**TASK ITEM**. Look through the listing below for the line containing "Ike behar slim". Copy it and each line after it up to and including the line containing "the white stripes", exactly, leaving out pictures.

**SUPPLIED INFORMATION**.
* * * * * * *

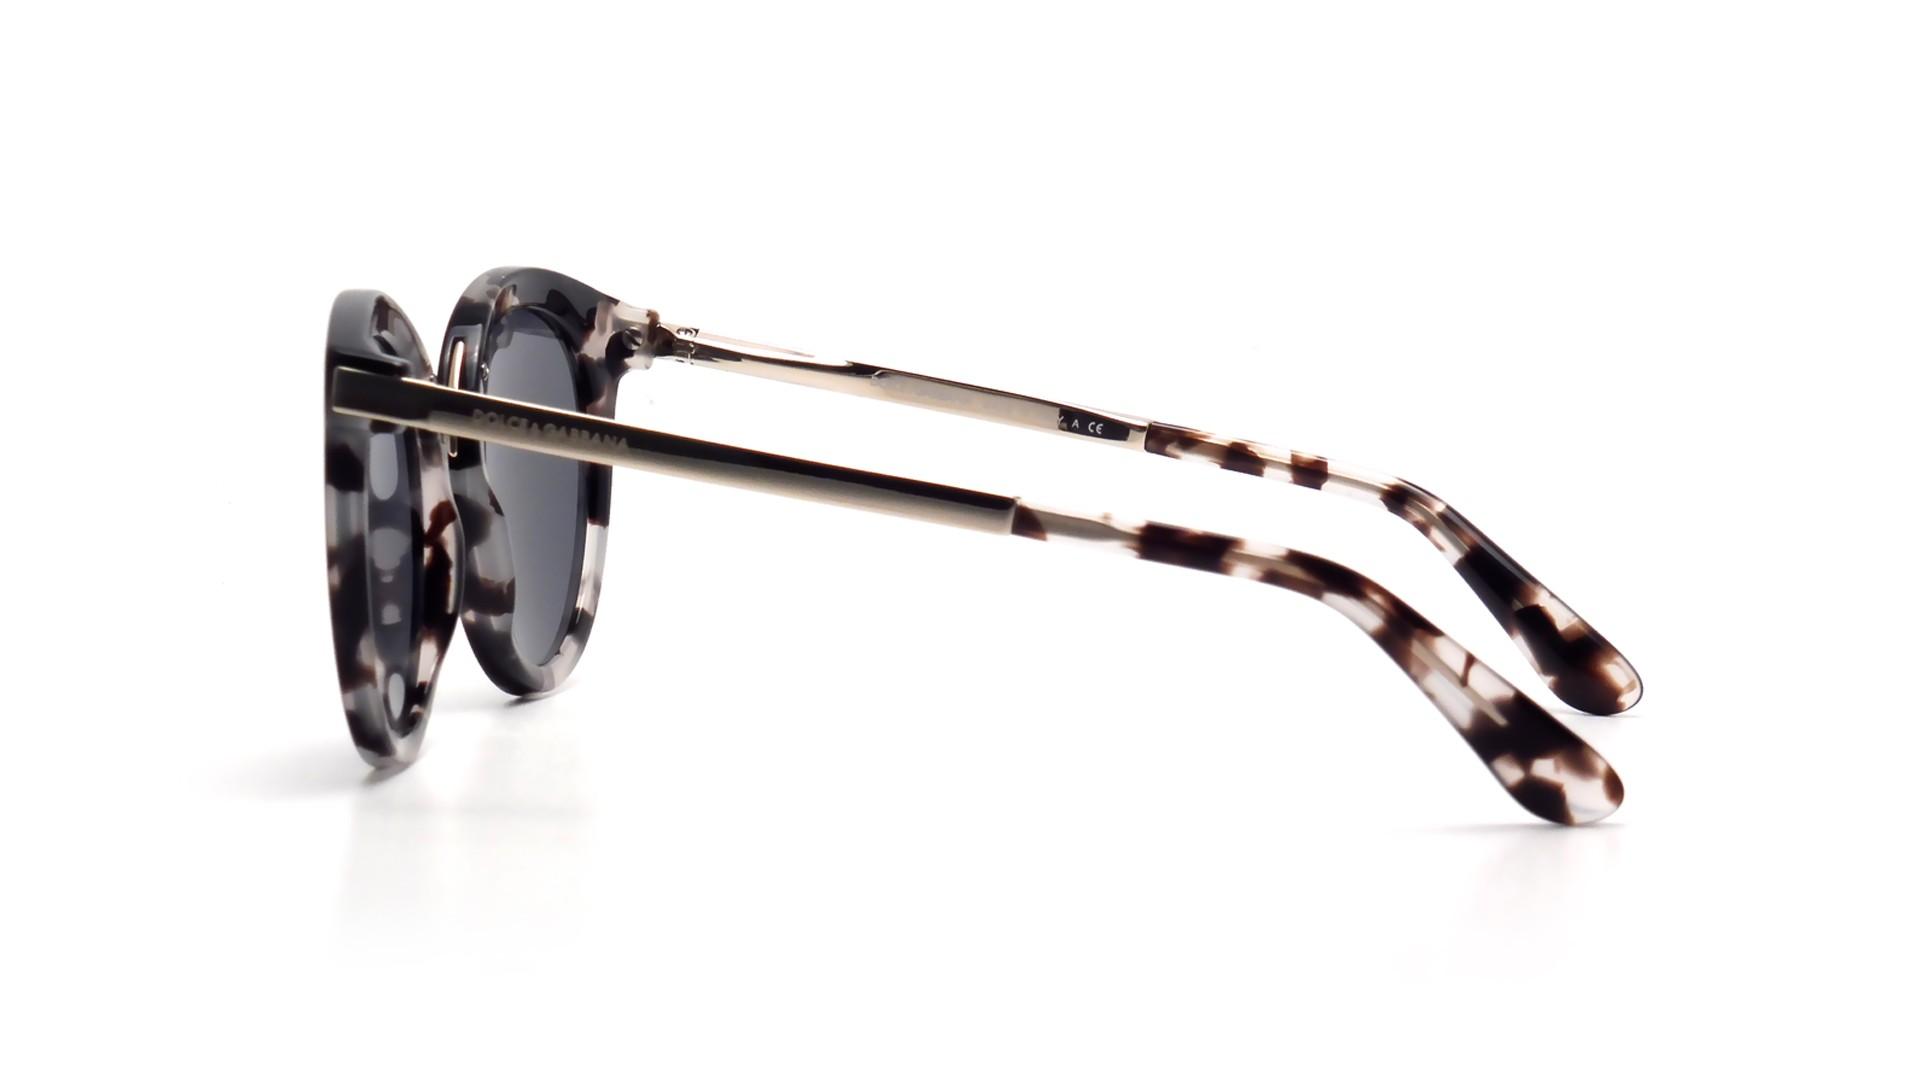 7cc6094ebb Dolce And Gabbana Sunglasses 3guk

* * * * * * *

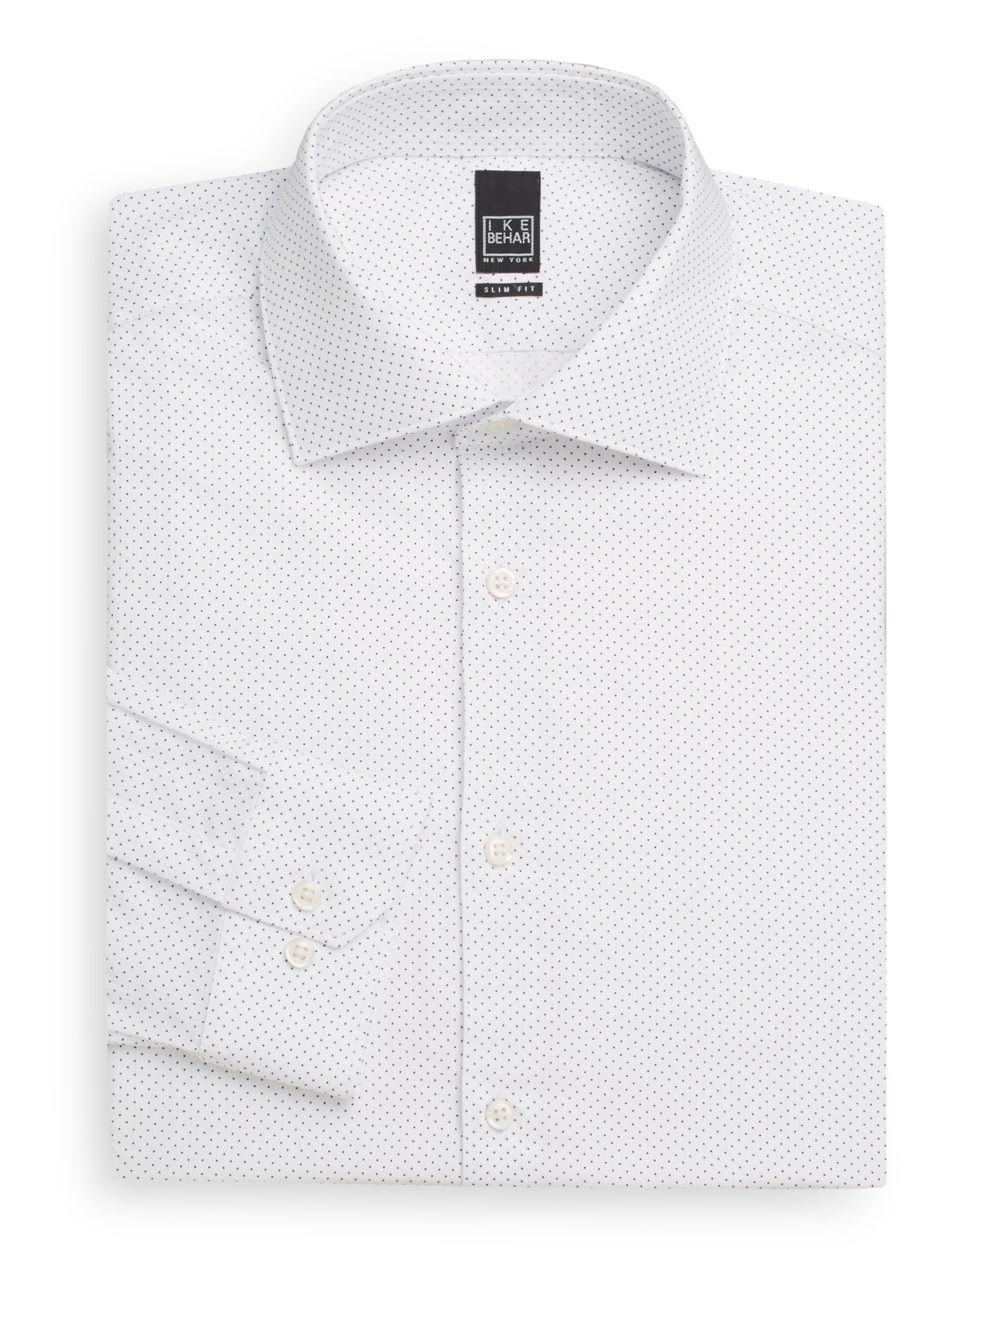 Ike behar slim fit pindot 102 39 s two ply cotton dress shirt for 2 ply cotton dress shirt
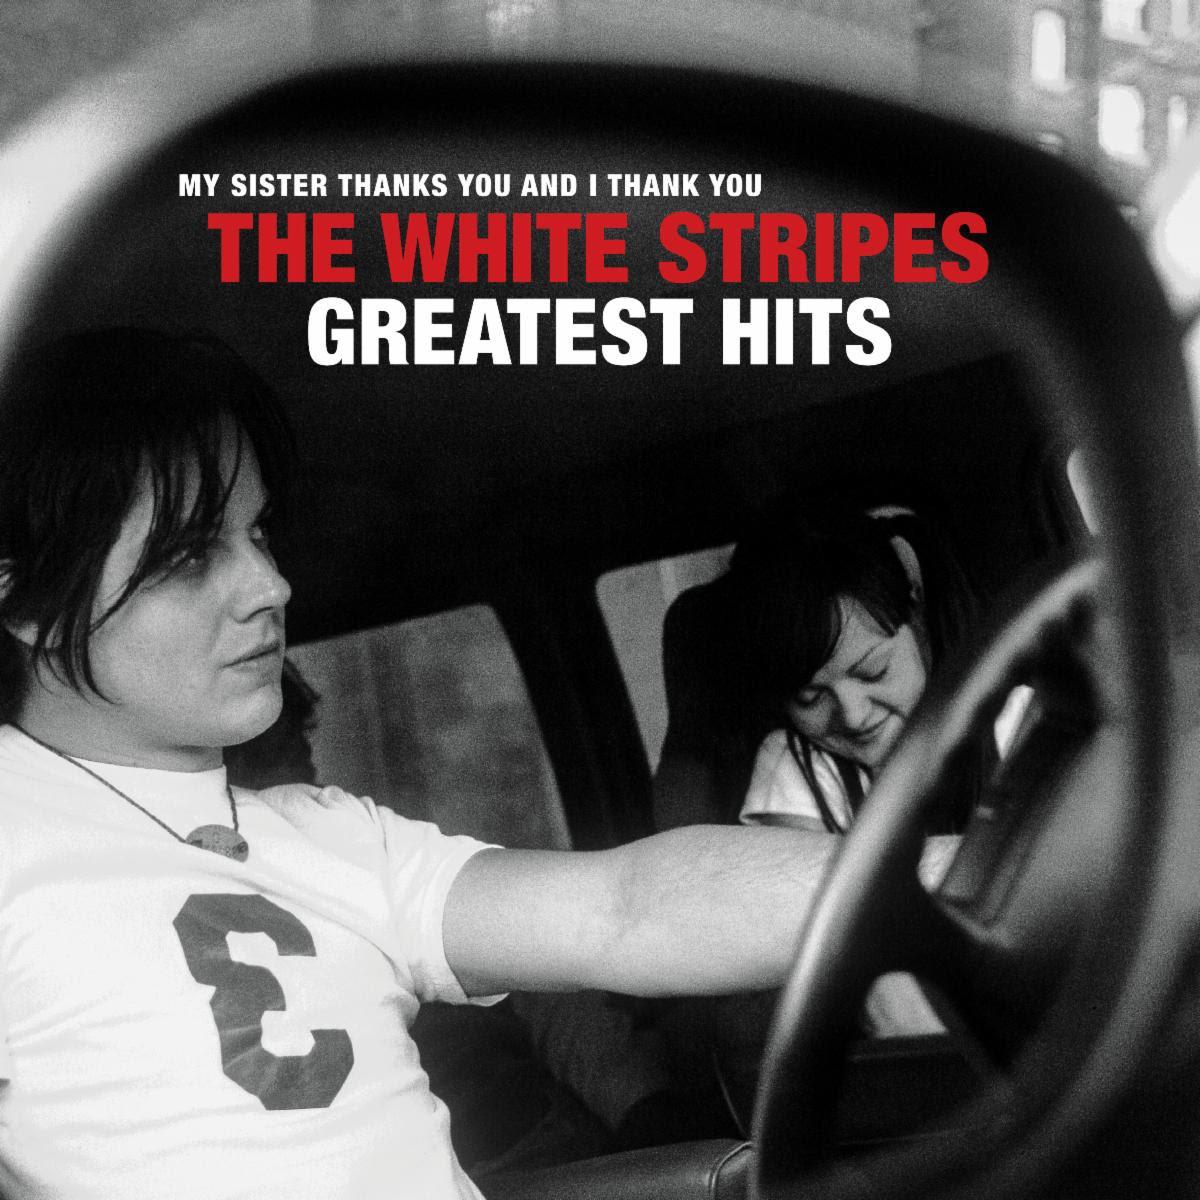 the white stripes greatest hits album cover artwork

* * * * * * *

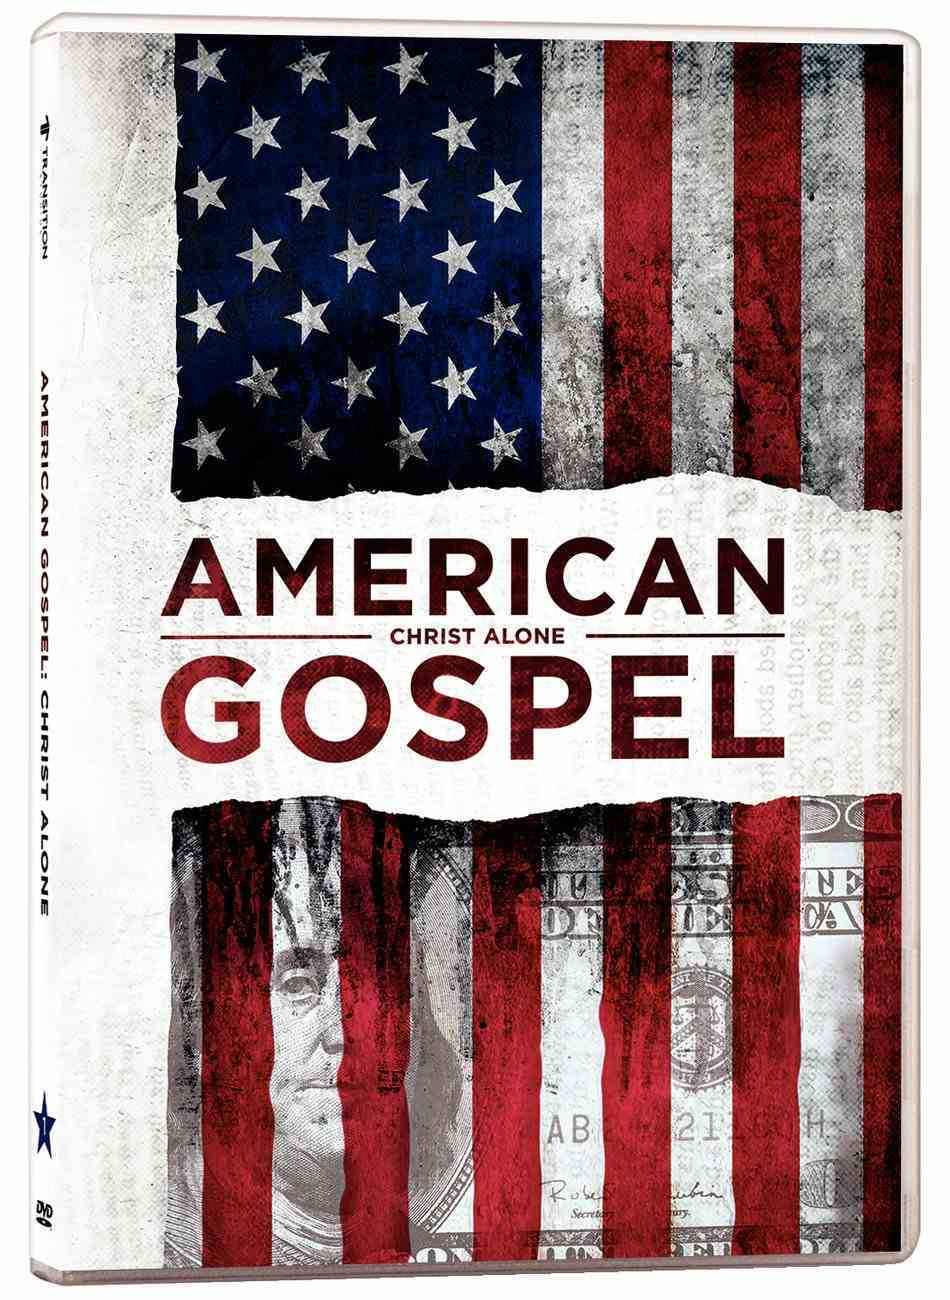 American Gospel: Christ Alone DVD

* * * * * * *

**FINISHED TASK**.
 Ike behar slim fit pindot 102 39 s two ply cotton dress shirt for 2 ply cotton dress shirt
 the white stripes greatest hits album cover artwork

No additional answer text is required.